Altamar CAM closes secondaries fund above hard-cap

The Madrid-headquartered asset manager excluded the fund's GP commitment from its hard-cap on the back of strong late demand from German LPs.

Altamar CAM Partners has held final close on its fourth secondaries fund as it looks to rapidly grow its assets under management.

The Madrid-headquartered firm raised €1.025 billion for ACP Secondaries 4, according to a statement seen by Secondaries Investor. This was helped by a late surge of interest from German investors brought into the fold by CAM Alternatives, which merged with Altamar Capital Partners in the summer.

Fund 4 had a target of €750 million and has already committed €650 million across 50 transactions, the statement said.
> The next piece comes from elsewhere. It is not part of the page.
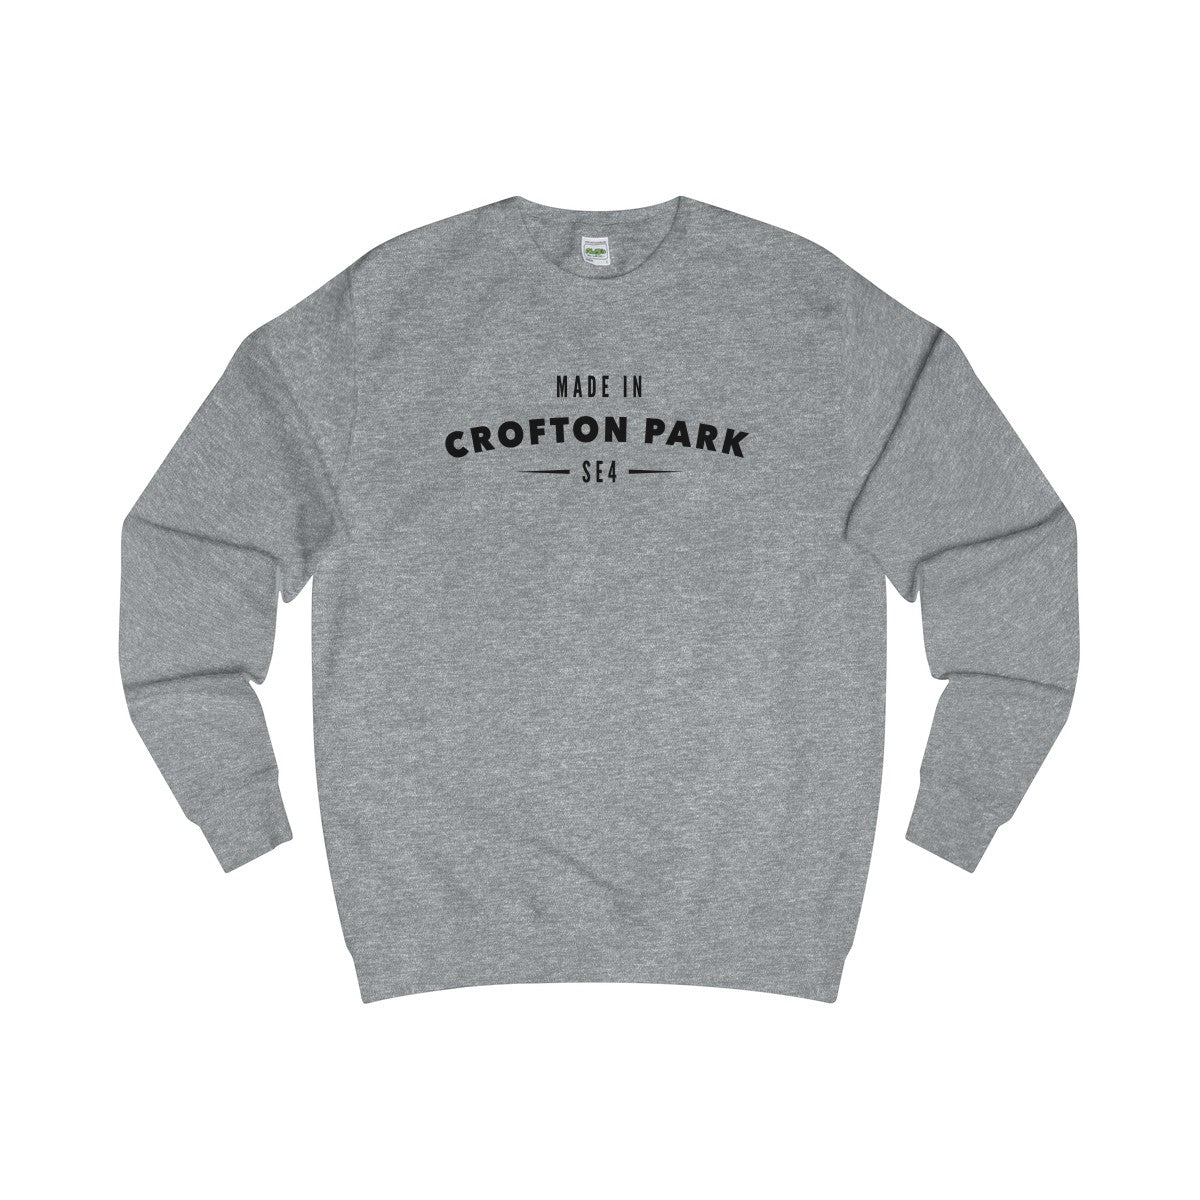 Made In Crofton Park Sweater

LPs include institutional investors, family offices, and private banks from Spain, Germany, Latin America and other parts of Europe with a “very high” reinvestment rate from existing investors, the statement said.

Given the demand, Altamar requested permission from LPs to exclude the €25 million GP commitment from the fund’s hard-cap, according to co-founder José Luis Molina.
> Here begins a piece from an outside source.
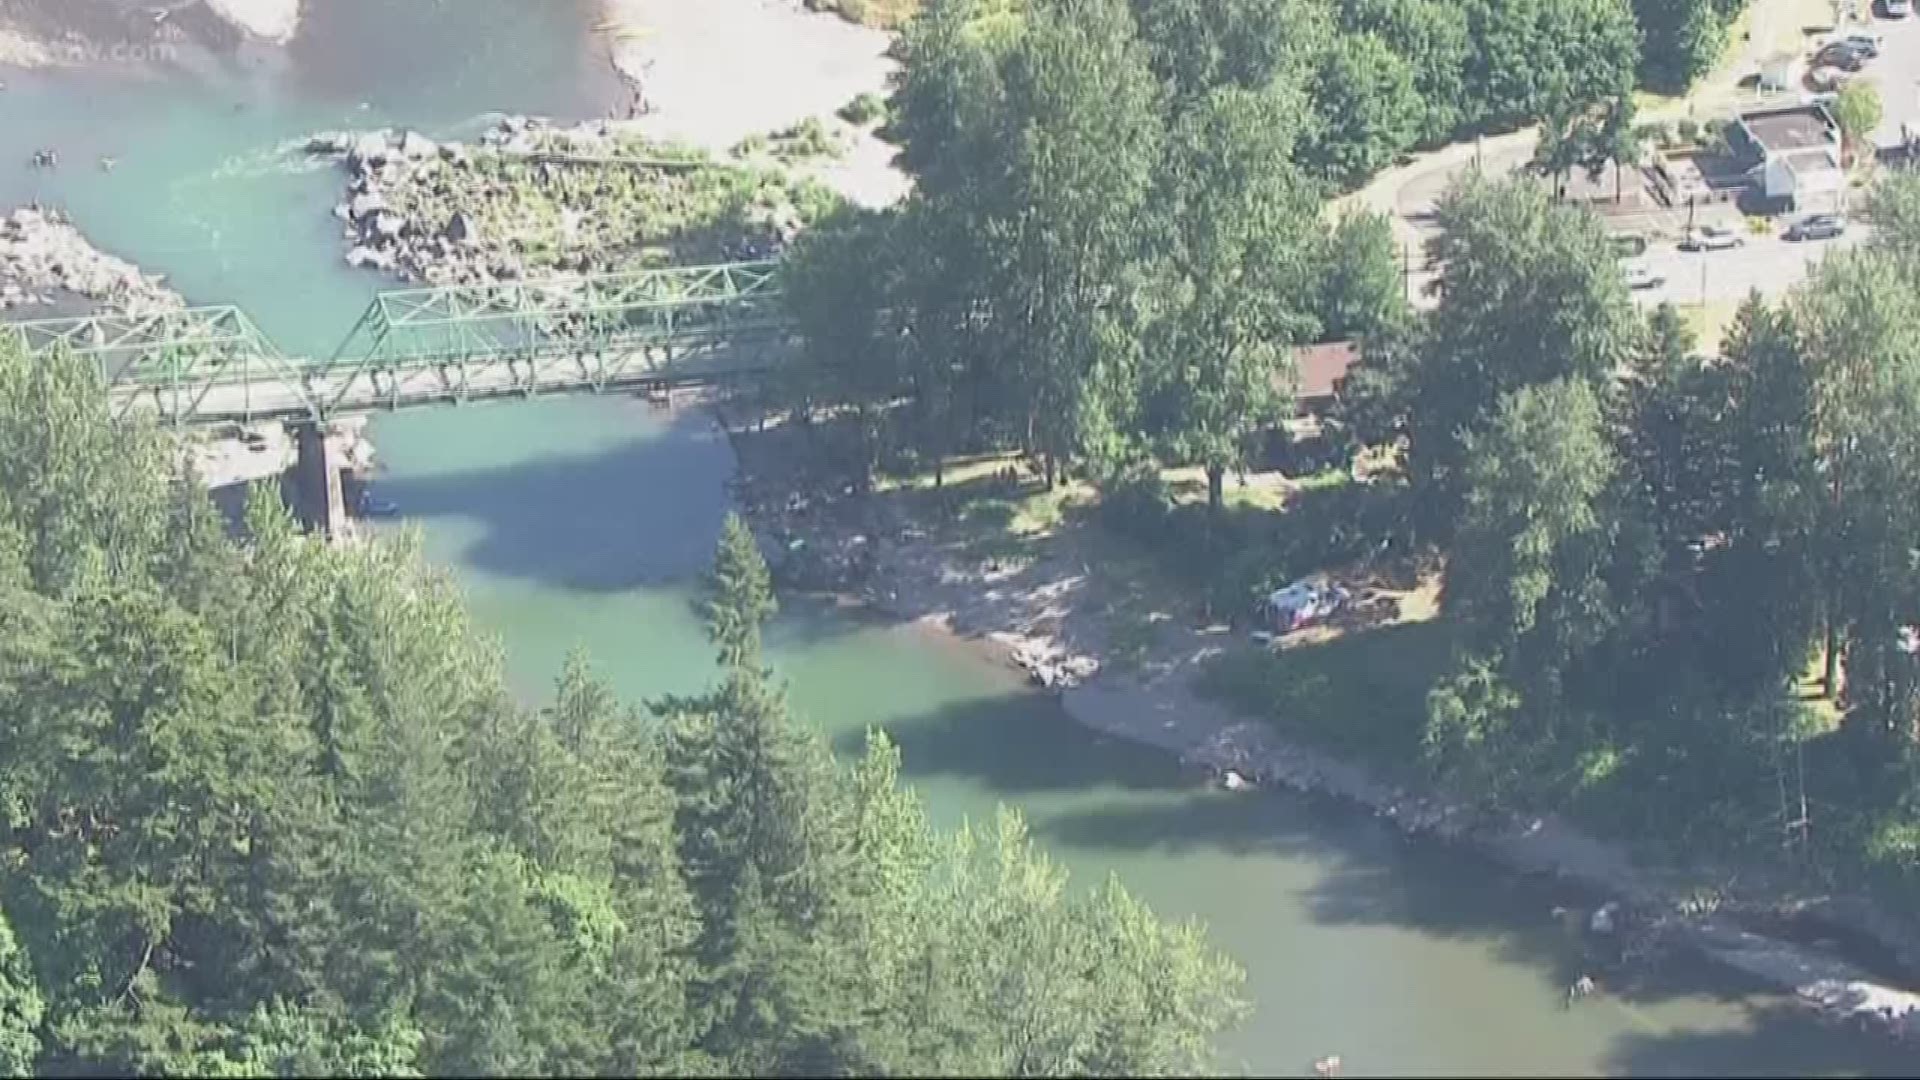 Rescuers pulled a person from the river at Glenn Otto Park

“We should be doubling the size of the business in the next five years. [Investors from] Germany should get us there,” he told Secondaries Investor. 

German insurance companies have a combined balance sheet of more than €2.5 trillion compared with €300 billion in Altamar’s home market of Spain, he added.
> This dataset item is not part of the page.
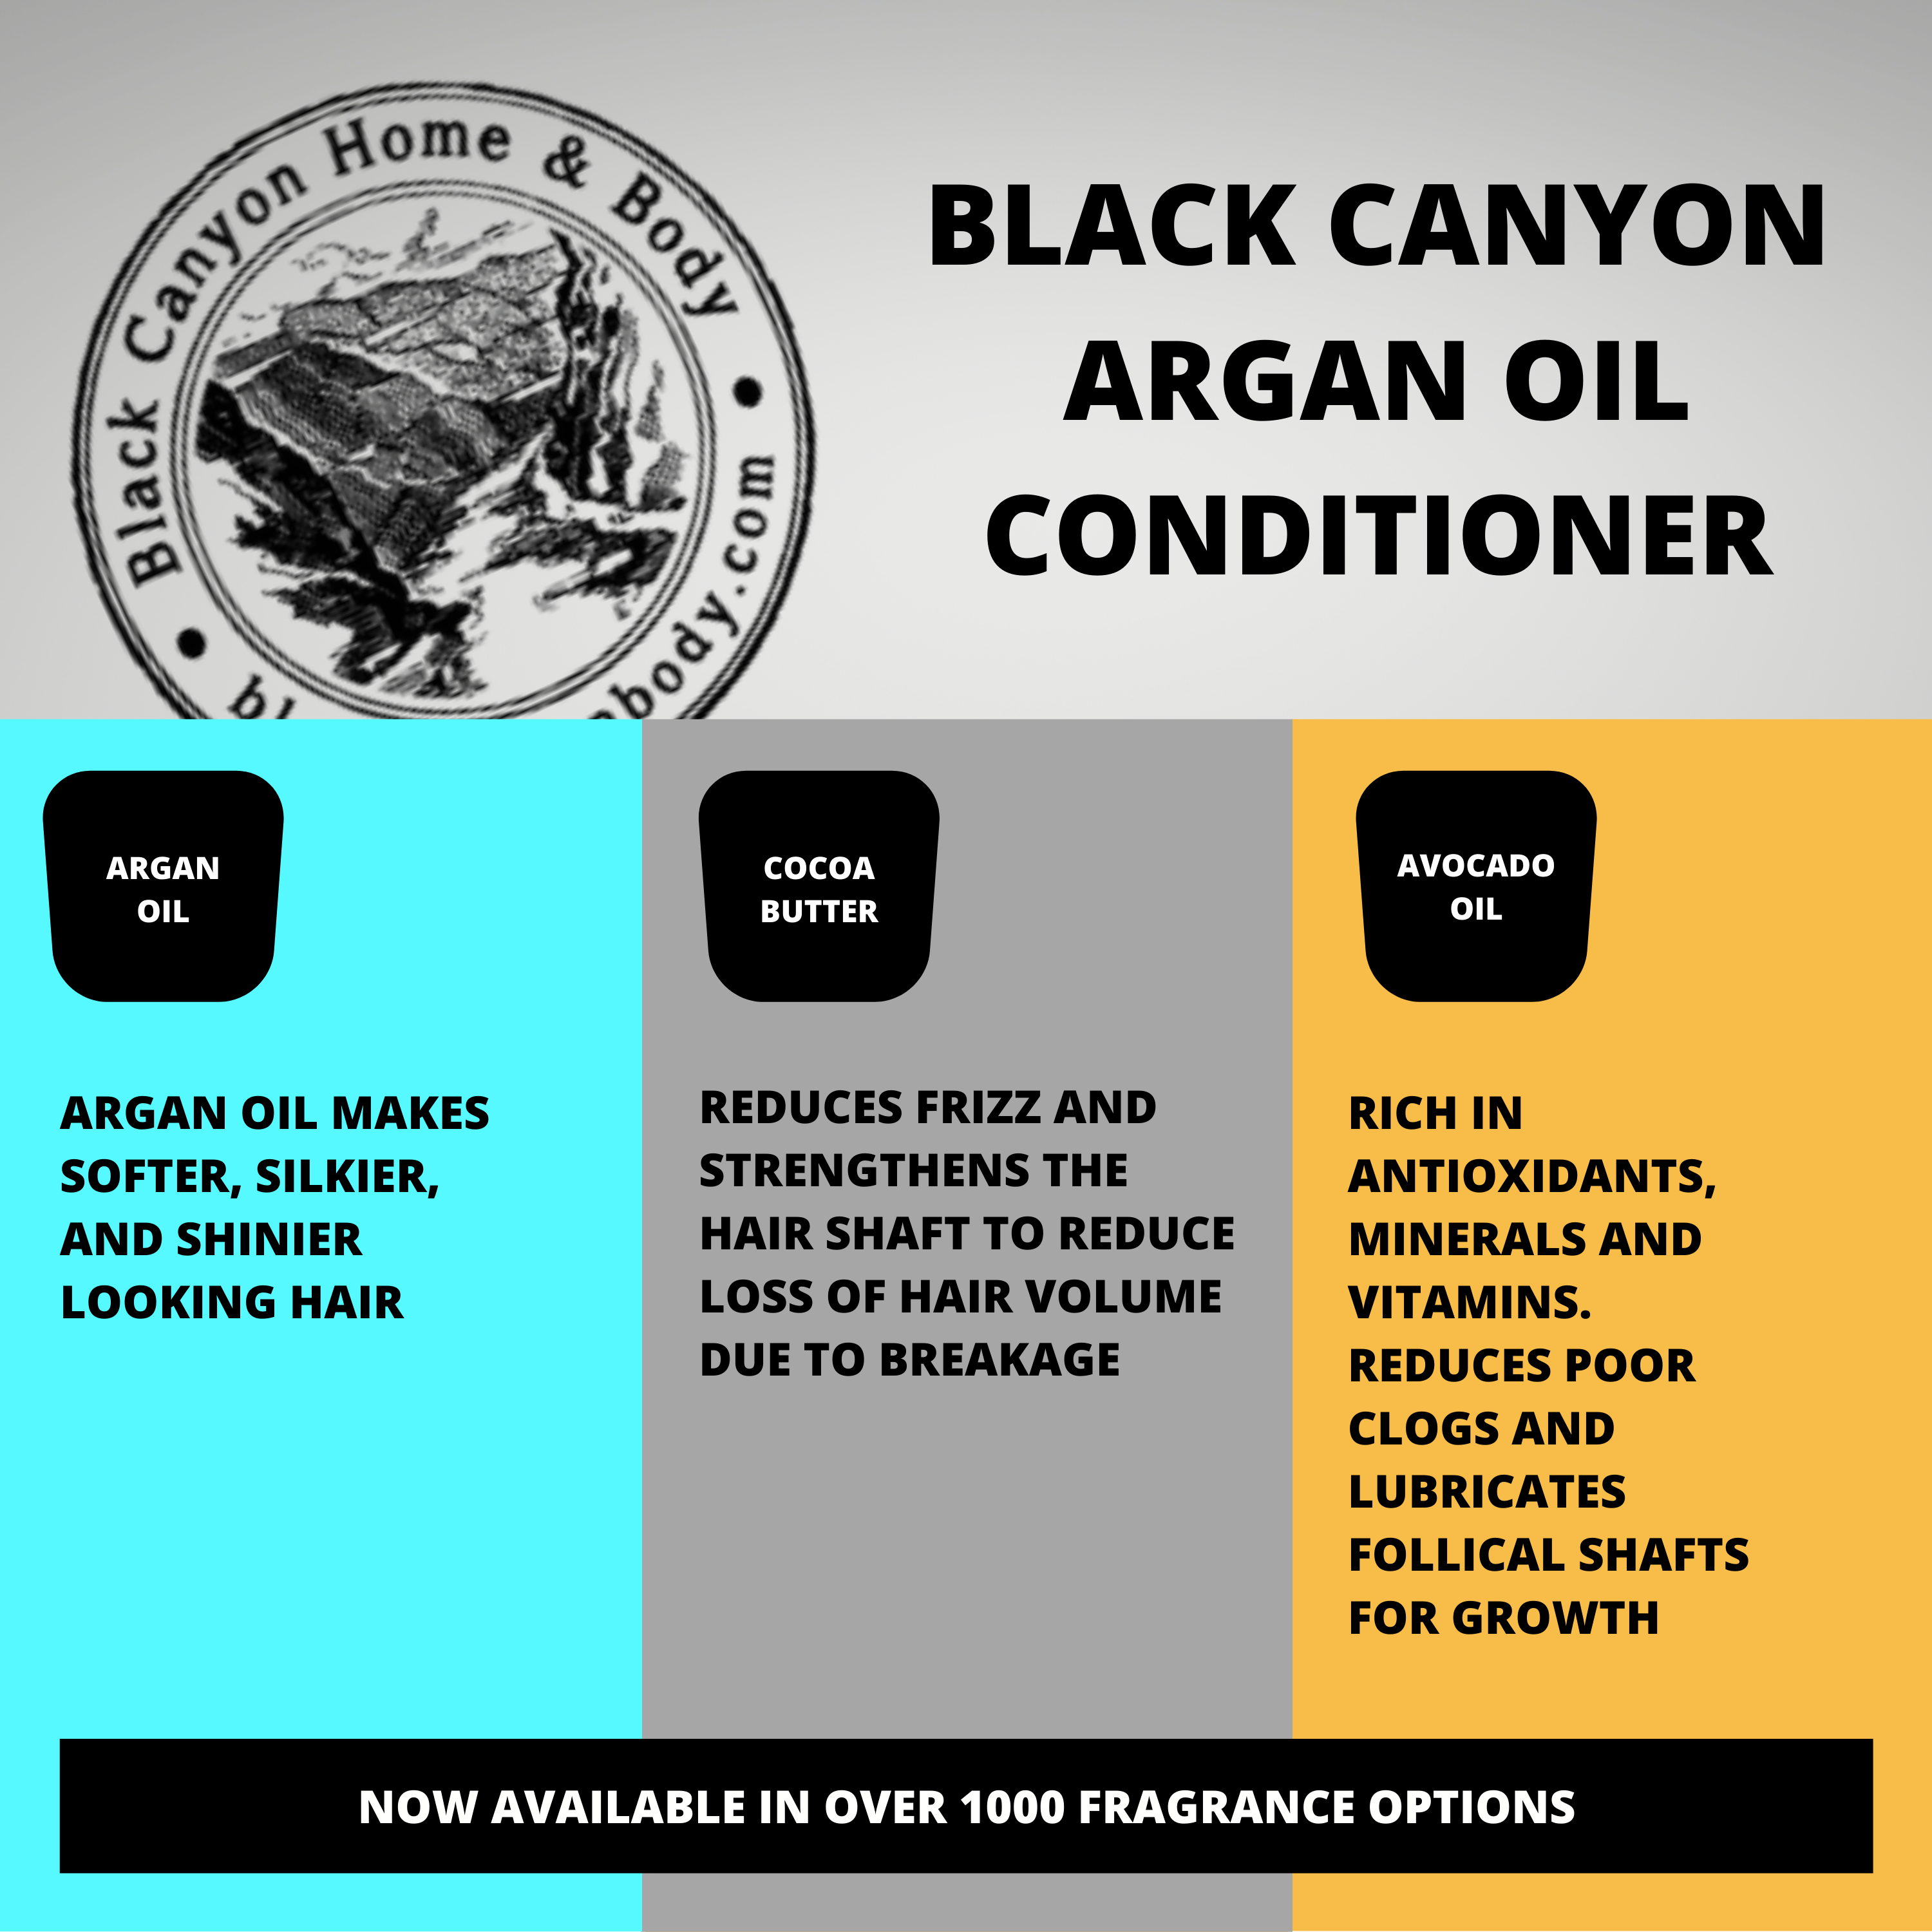 Black Canyon Black Currant Tea Scented Conditioner with Argan Oil

The fundraise brings Altamar’s assets under management to €16 billion. It is set to return to market with another secondaries fund in 2022, targeting around €1.5 billion, Secondaries Investor understands.

Altamar’s secondaries funds target smaller, niche secondaries transactions that are less reliant on paying the highest price at auction. It will also join syndicates on large GP-led secondaries deals.

Altamar merged with Cologne-headquartered CAM in June, nearly doubling the Spanish asset manager’s AUM.

“The big firms are getting bigger and bigger. This is a business that needs some critical mass and having €14 billion is a critical mass that’s expected to be invested in technology, sustainability and all the digitisation that is coming,” co-chief executive and founding partner Claudio Aguirre told affiliate title PEI at the time.

The firm operates across private equity, venture capital, real estate and private credit. In April, it raised €430 million for Altamar Infrastructure Income II, which invests in funds, secondaries and co-investments, Secondaries Investor reported.